Yes, I'm a researcher and a physician, but I'm also a mother. Since I live in the United States, you can probably guess what my birth experience was like. Maybe you've heard me on the news saying that moms shouldn't feel guilty. I've been there. So take that guilt and turn it inside out, and do something positive so that other moms don't have to go through what you did. We all deserve better.

A Peaceful Revolution is a blog about innovative ideas to strengthen America's families through public policies, business practices, and cultural change. Done in collaboration with MomsRising.org, read a new post here each week. Submission inquiries to Nanette@MomsRising.org.

Tuesday, March 23, 2010

Get Shredded

Auntie Debbie convinced me to do 30 day shred with her long distance. I convinced a few of my mom group friends, and now I'm letting you know, dear reader, in case you want in on the action.

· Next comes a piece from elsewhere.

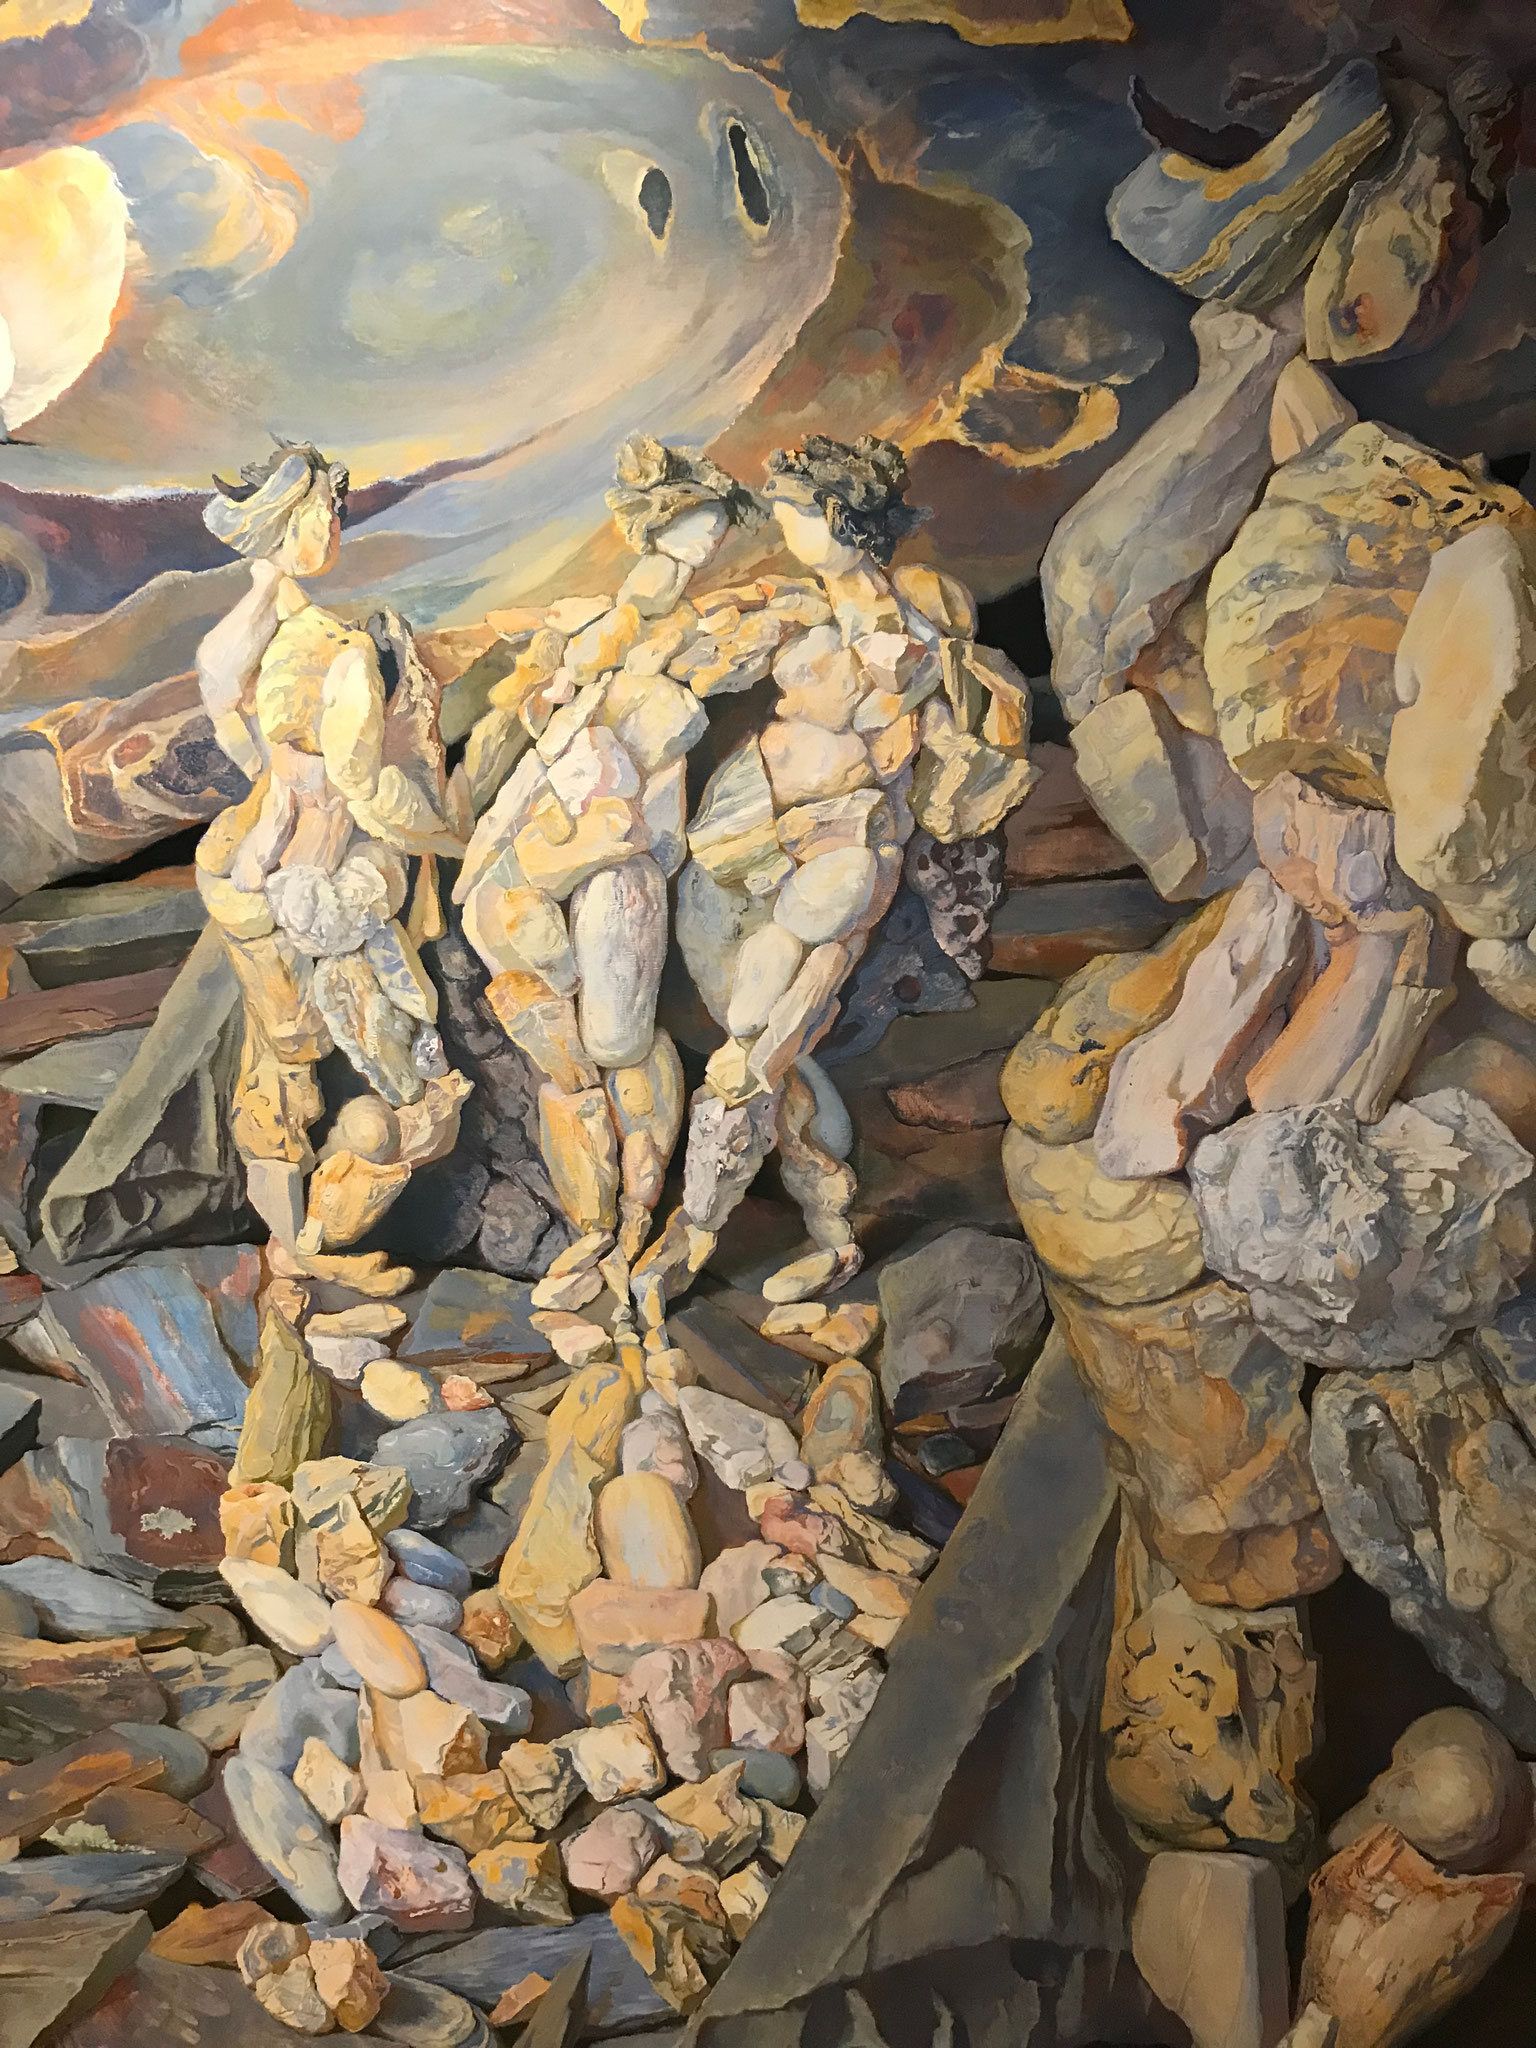 Am Cap de Creus liess sich Dali unter anderem zu diesen "Steinbildern" inspirieren.

I started yesterday, weighed myself today and I'm going to have T.J. help me take my measurements tonight for comparison in 30 days. In an ironic twist of fate, my weight is less than it's been in several years. That's usually not the time that I start exercising!

On that note, I may breastfeed forever, because I eat like a horse but I'm still losing weight. I thought that was a bunch of hooey for a long time, but it turns out that it just takes a while! It took me about 9-10 months to get to my pre-pregnancy weight, and I'm pretty much at my "goal" weight now, though I'm sure that's because all my muscle turned to fat over the last few years of slacking off. Yet another reason to nurse one year and beyond!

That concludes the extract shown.